● TASK OBJECTIVE: All of the data below should be repeated exactly. Pictures should not be included.

● DATA PROVIDED:

>>>

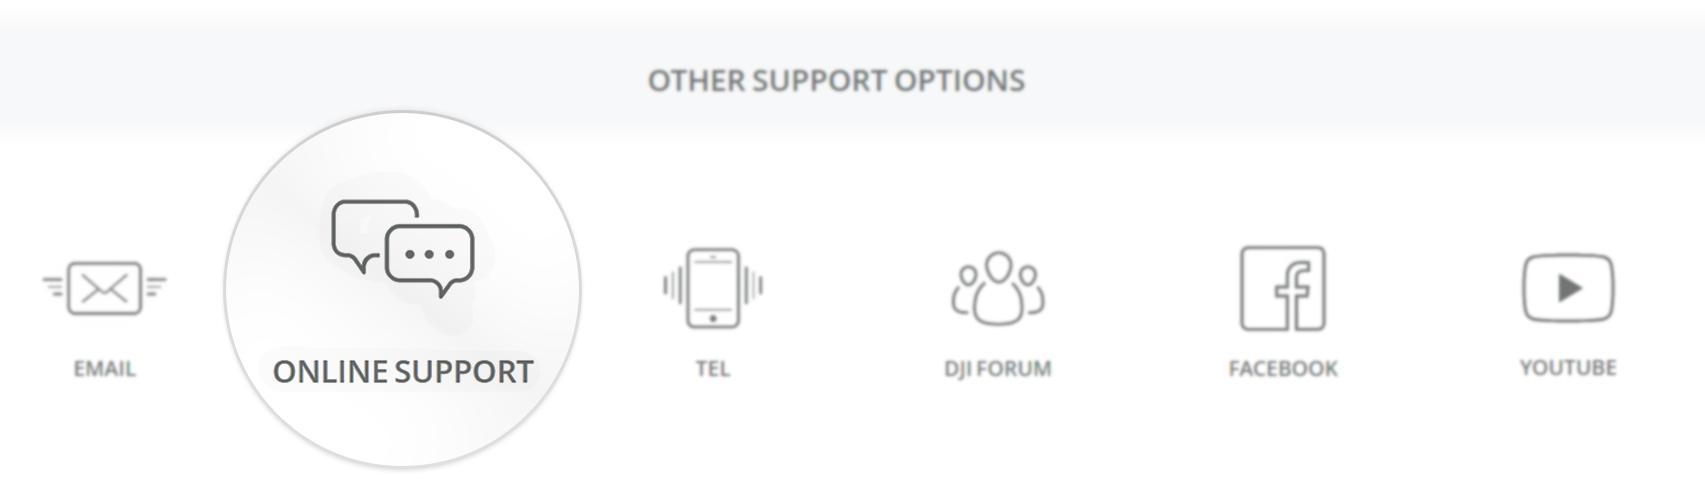 7 Ways to Contact DJI Customer Support - DJI Guides
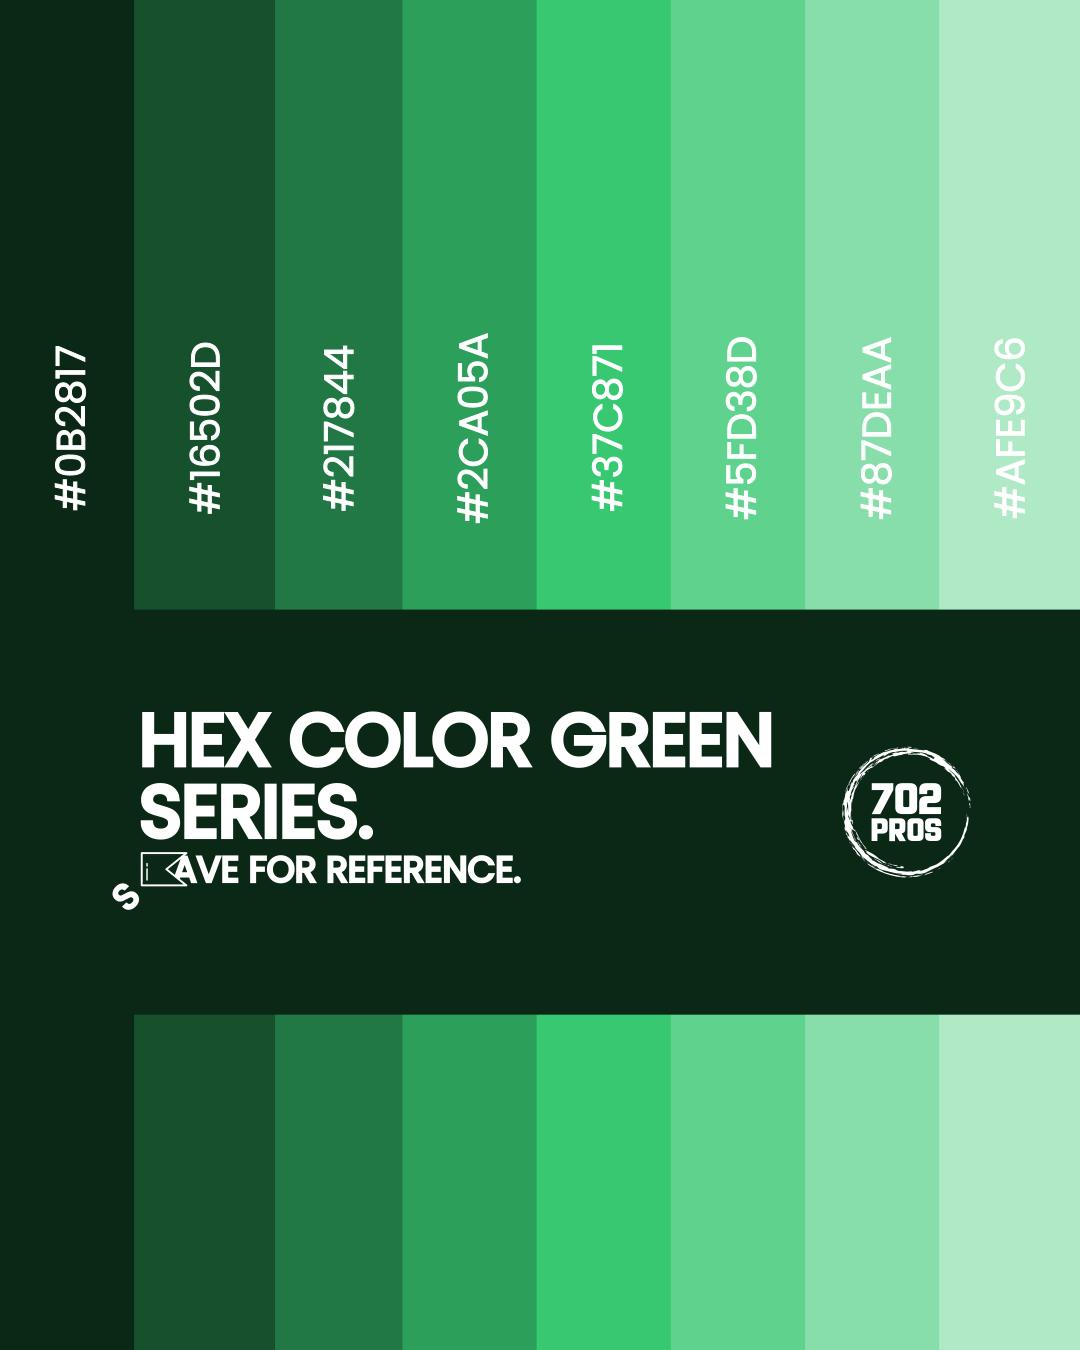 Web design rules | color contrast | Hex Color Green Series - slide 5
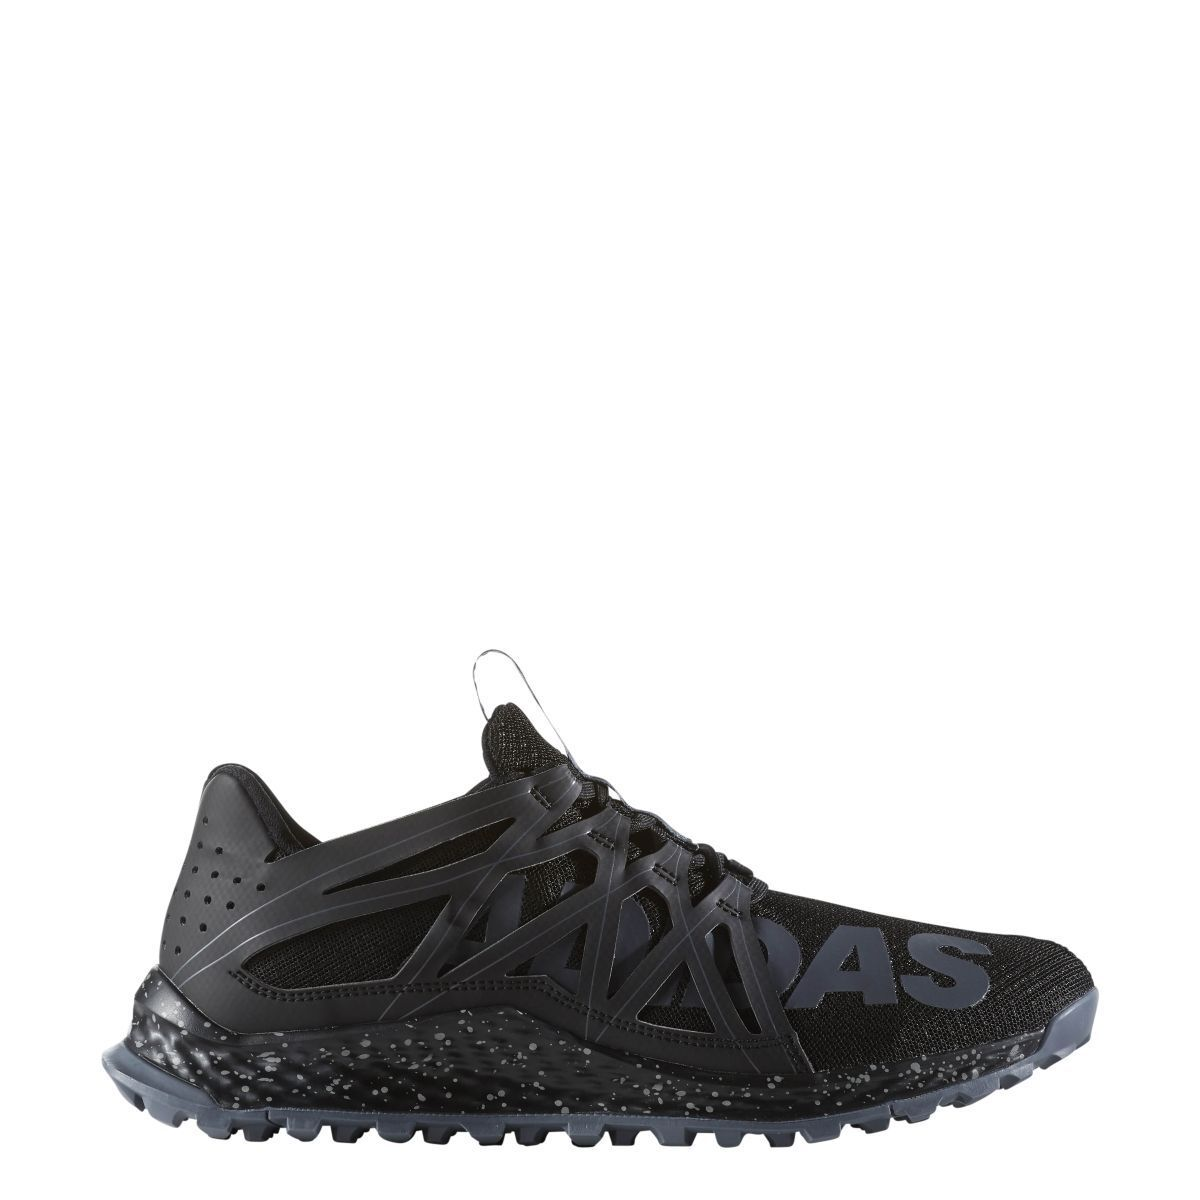 NWT Homme Adidas Vigor Bounce Noir Athletic Trail Chaussures BW032018 Kanadia Thrasher

<<<

● OUTPUT:
 7 Ways to Contact DJI Customer Support - DJI Guides
 Web design rules | color contrast | Hex Color Green Series - slide 5
 NWT Homme Adidas Vigor Bounce Noir Athletic Trail Chaussures BW032018 Kanadia Thrasher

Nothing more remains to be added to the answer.